La réponse à la plainte de l'avocat a déposé avec la proposition du Procureur spécial que la décision de la Fondation soit confirmée, tandis que la plainte de l'avocat à Brkljac soit rejetée comme non fondée.
Par conséquent, la plainte de l'avocat Brkljac, le Procureur d'appel, a déposé une présomption par laquelle il a exigé que les plaintes soient rejetées et la décision constitutionnelle confirmée, ainsi que la réponse du Procureur spécial traitée comme fondée.
Après avoir reçu des plaintes et des réponses à la plainte, les appels ont prévu et tenu la session de l'université où ils ont présenté le blessé Zef Mality et Nexmedin Currej, accusé Joliq avec Brkljac, pendant ce temps, personne n'a présenté personne du Procureur d'appel.
L'appel a conclu que le dispositif de la décision de la Fondation n'est pas clair et contraire à son raisonnement, où aucune raison claire et concrète n'a été donnée pour les faits cruciaux de l'affaire pénale contre Jokic.
D'autre part, il est dit que le coup de tête que la Malthia blessée a prétendu a été causé par l'accusé Joliq comme décrit dans l'argument, tandis que l'appareil de décision est dit avoir eu lieu par une personne avec le surnom “Dule”.

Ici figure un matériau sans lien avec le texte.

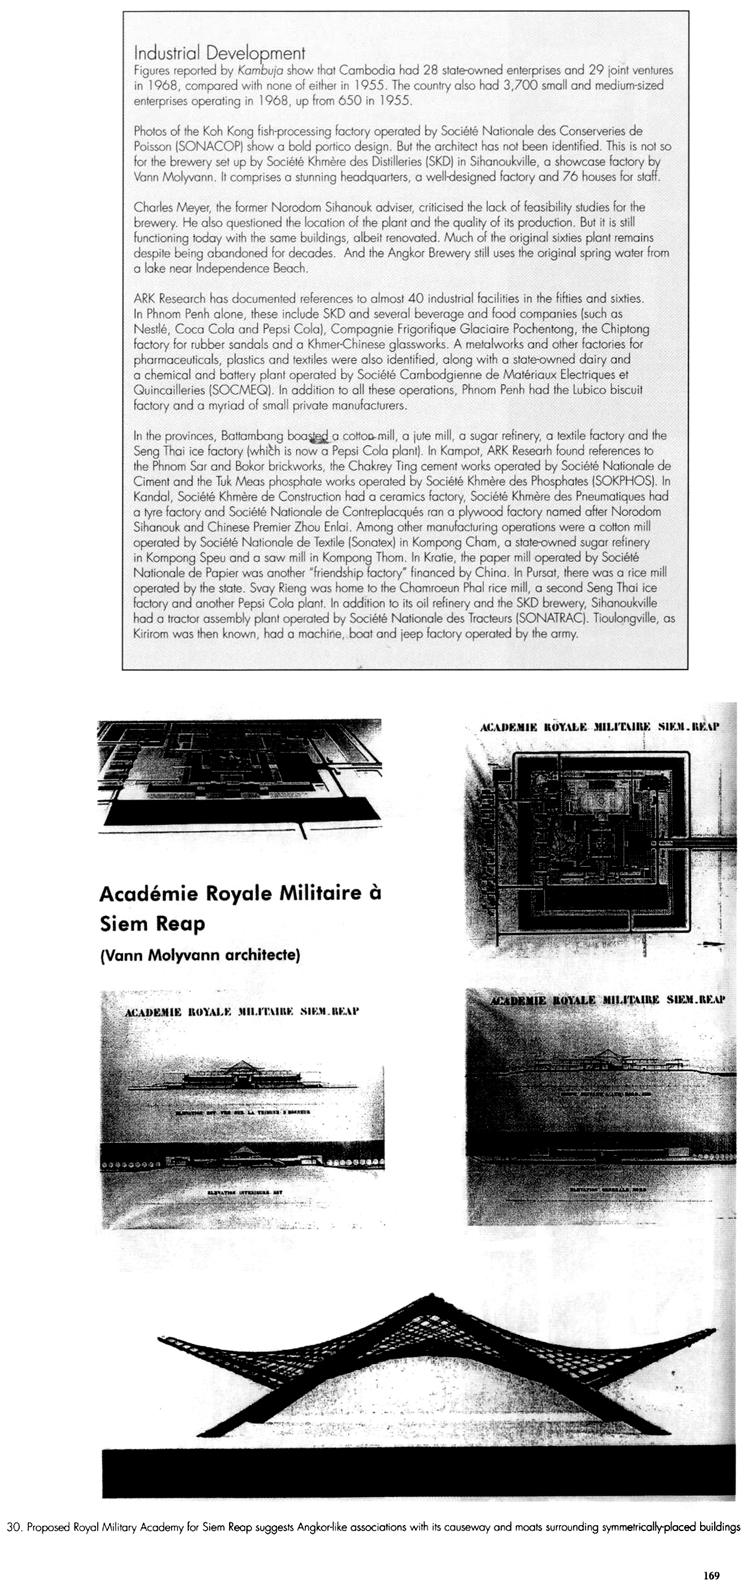 All/document/Documents/BuildingCambodia/BuildingCambodia/id826/photo005.jpg

Par conséquent, selon Apel, il y a une contradiction entre le dispositif de la décision et les déclarations des Malthias endommagés, ne prouvant pas que le coup a été causé par le défendeur Joliq.
De même, Apel a constaté que les déclarations du blessé Naim Ferati n'ont pas confirmé l'acte incriminant de l'accusé Joliq pour ce dont il a été condamné.
Apel a demandé que dans le nouveau procès, il analyse chaque critère à la fois et après évaluation finale pour expliquer pourquoi le tribunal le juge crédible et objectif ou pourquoi il n'apprécie pas ces éléments de preuve.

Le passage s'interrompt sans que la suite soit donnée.